Hiram C. Bull (August 19, 1820 - October 12, 1879) was an American businessman, politician, and military officer.

Born in Laona, Chautauqua County, New York, he went to school in Fredonia, New York, where he also studied law. He was admitted to the New York bar in 1843 and practiced law. He moved to Johnstown, Pennsylvania and then to Milwaukee, Wisconsin. He lived briefly in California. Bull then opened lumberyards in Milwaukee as well as Janesville and Madison, Wisconsin. Bull served in the second Wisconsin Constitutional Convention of 1847–1848. He then served in the Wisconsin State Senate, from Madison, Wisconsin, in 1857 and 1858 as a Republican. He served as adjutant-general of Wisconsin. Bull also was involved with the Wisconsin Historical Society. In 1859, he moved to St. Louis, Missouri and then to Arizona Territory and New Mexico Territory.

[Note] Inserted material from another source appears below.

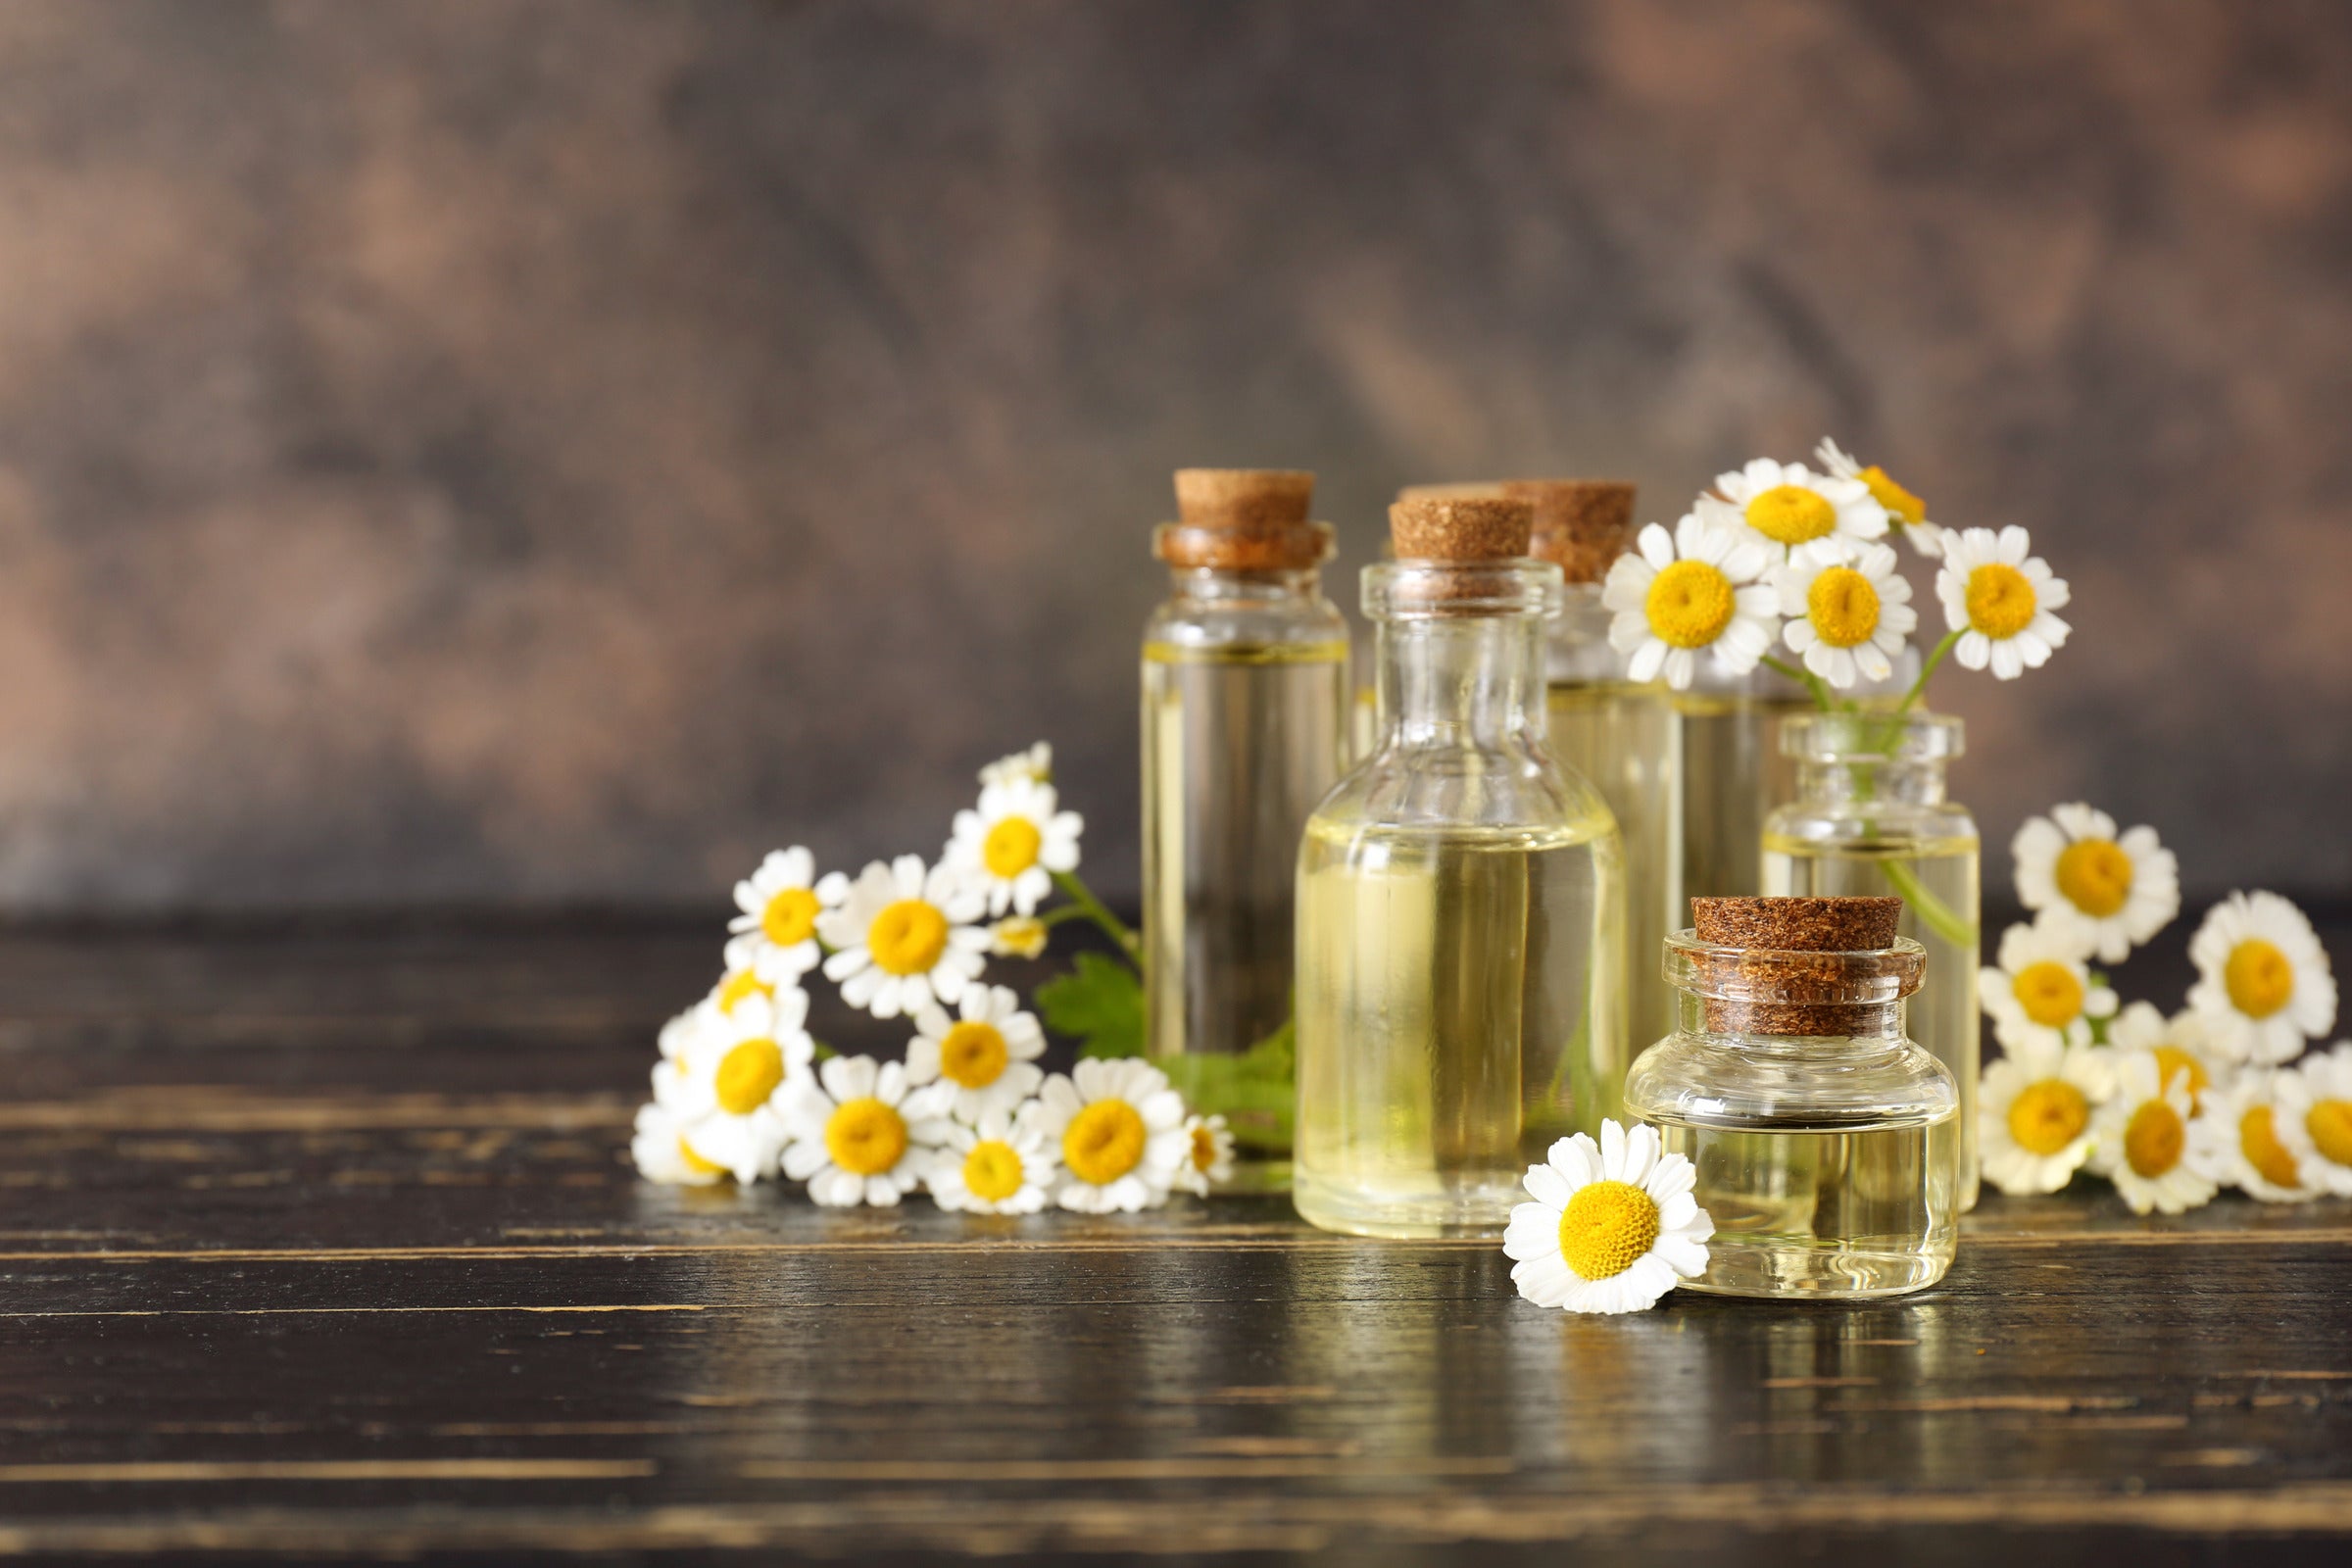 Irritation from bumpy skin with German Chamomile

He served in the 9th Iowa Volunteer Infantry Regiment during the American Civil War. After the war, Bull opened a lumberyard in Leavenworth, Kansas. In 1870, he helped found the town of Bull City, Kansas in Osborne County, Kansas. In 1872, Bull served as probate judge for Osborne County. From 1877 until his death in 1879, Bull served in the Kansas House of Representatives as a Republican. On October 12, 1879, Bull was gored to death by an elk at his home in Bull City.